Siete mil cabezas de ganado se mudan a los puertos de Sejos donde pastarán libremente todo el verano
- Proceden de los valles bajos de la Mancomunidad de Campoo-Cabuérniga, en Cantabria
- Los ganaderos aprovechan la muda para hacer el mantenimiento de sus explotaciones
‘La muda’ es una tradición ancestral que va cambiando de forma pero mantiene su esencia. Los ganaderos de la Mancomunidad Campoo-Los Valles (Ruente, Cabuérniga, Los Tojos y Campoo de Suso) comparten el aprovechamiento de 7000 hectáreas de pasto de alta montaña, en un modelo histórico de gestión compartida que data de 1497.
Tradicionalmente, cada 16 de junio, coincidiendo con el inicio del verano, los ganaderos de los valles bajos suben a los animales a los puertos de Sejos, a unos 1500 metros de altitud, donde pastan libremente todo el verano, hasta su regreso en otoño. Este año, cayó en martes, así que los vecinos comenzaron el ascenso el fin de semana anterior. Hay quien sube a los animales en transporte, "ya no es como antes" dice apenado Adrián Vega, un estudiante de Veterinaria, hijo de ganadero, para quien esta tradición "supone arraigo a la tierra".
Ernesto San Juan recuerda que tenía 9 años la primera vez que subió con el ganado a Sejos, acompañaba a su padre, y hasta hoy sólo ha faltado a 'la muda' el año que prestó el servicio militar. Afirma orgulloso que sus tres nietos siguen la tradición. A su lado, en el poyete de su cabaña de pastor, se sienta el mayor de sus nietos, Carlos Rebanal. Explica que él no ha faltado a la muda desde que tenía tres meses y que seguirá celebrando esa tradición mientras pueda. Ayer vino de Lugo, donde estudia Veterinaria y hoy ha madrugado para subir el ganado a Sejos. "Luego vendrá mi madre con la comida, siempre celebramos este día" nos cuenta mientras a lo lejos se acerca un grupo de niños provistos de varas, "son mis primos con mi hermana".
Ernesto y su nieto Carlos en su cabaña de Sejos. RTVE Cantabria RTVE Cantabria
'La muda' es un ancestral modelo de trashumancia interna por la que el ganado de los cuatro pueblos de la Mancomunidad Campoo-Cabuérniga comparte el nutritivo pasto de alta montaña que crece en los puertos de Sejos. César Fernández, Agente del Medio Natural, asegura que una sola hierba de la pradera de Sejos equivale en valor nutricional a una palada de hierba de la explotación en la que vive el ganado el resto del año. Tampoco es muy científico, pero igual de elocuente lo que explica Ernesto sobre el pasto: "no sé que tendrá pero estén donde estén las vacas, a medida que se acerca el 16 de junio, las vacas arrancan solas hacia el puerto".
En otoño vuelven a casa
Mientras los animales disfrutan del verano pastando libremente por los seles de Sejos, los ganaderos siguen trabajando, meten la hierba en las cuadras y preparan la explotación para que todo este listo cuando, en otoño, el ganado regrese. Para octubre, si la nieve no se adelanta, los animales vuelven a casa.

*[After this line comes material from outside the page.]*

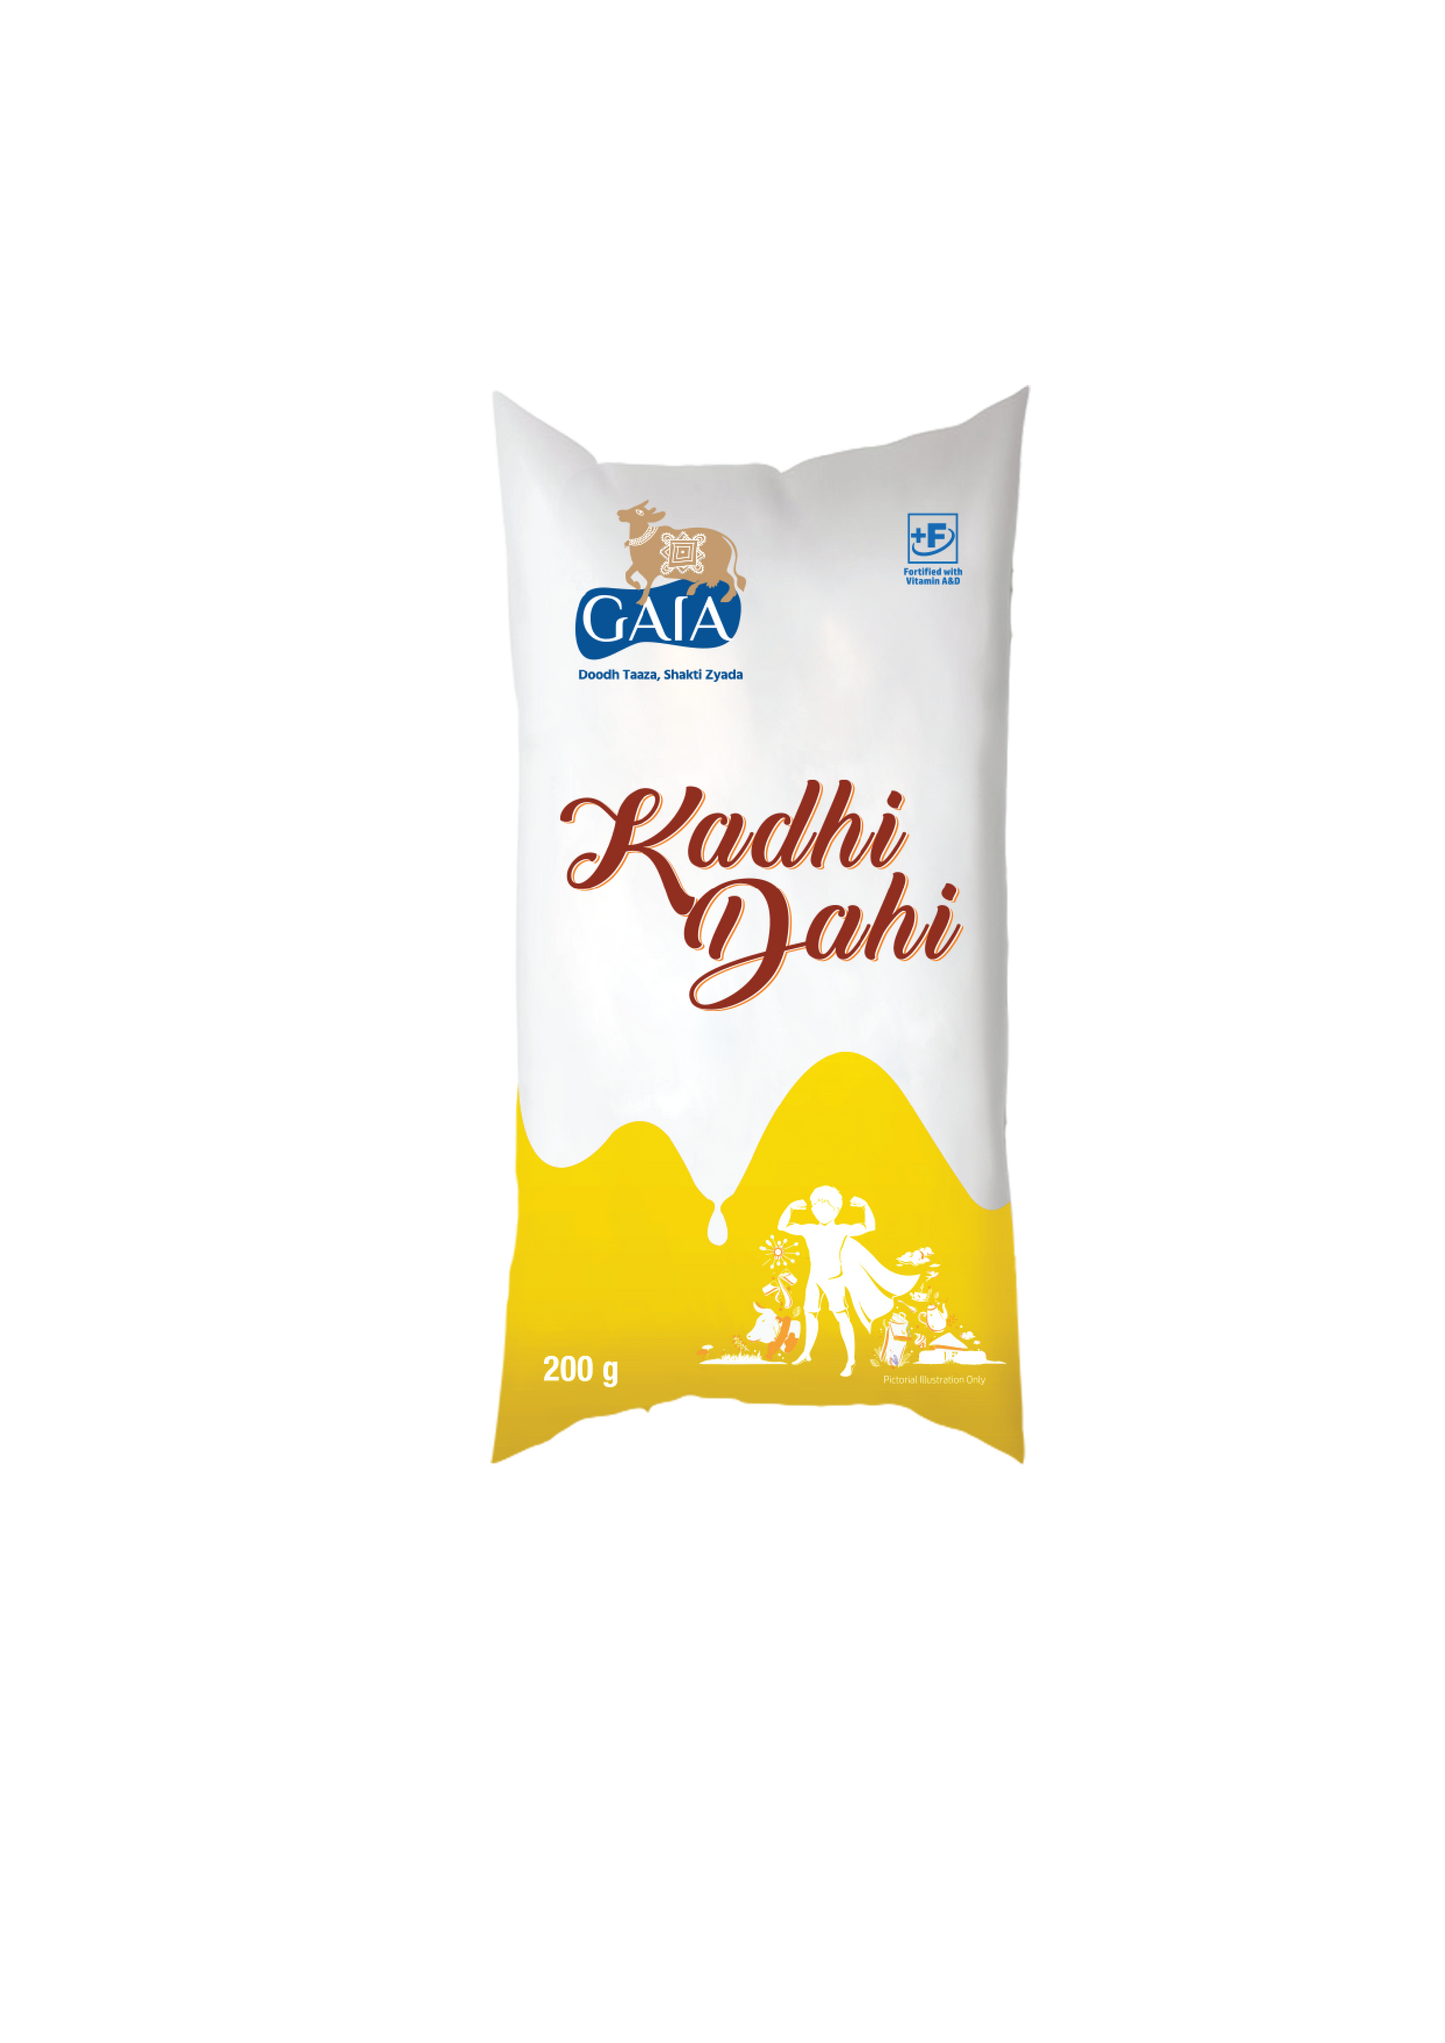 Gaia Kadhi Dahi Pouch 200g

La presencia del ganado en el puerto se convierte en un mecanismo de prevención de incendios natural, uno de los peligros que siempre acecha, aunque el más temido por los ganaderos es el lobo. La Presidenta de la Mancomunidad Campoo-Cabuérniga, Belén Ceballos, explica que en primavera los lobos han estado en los montes bajos que es donde estaba el ganado y ahora que los animales suben, el lobo también subirá. El ganadero teme sobre todo por los jatos y por los terneros y es que, según Ceballos, para los chiquitines "está peligroso".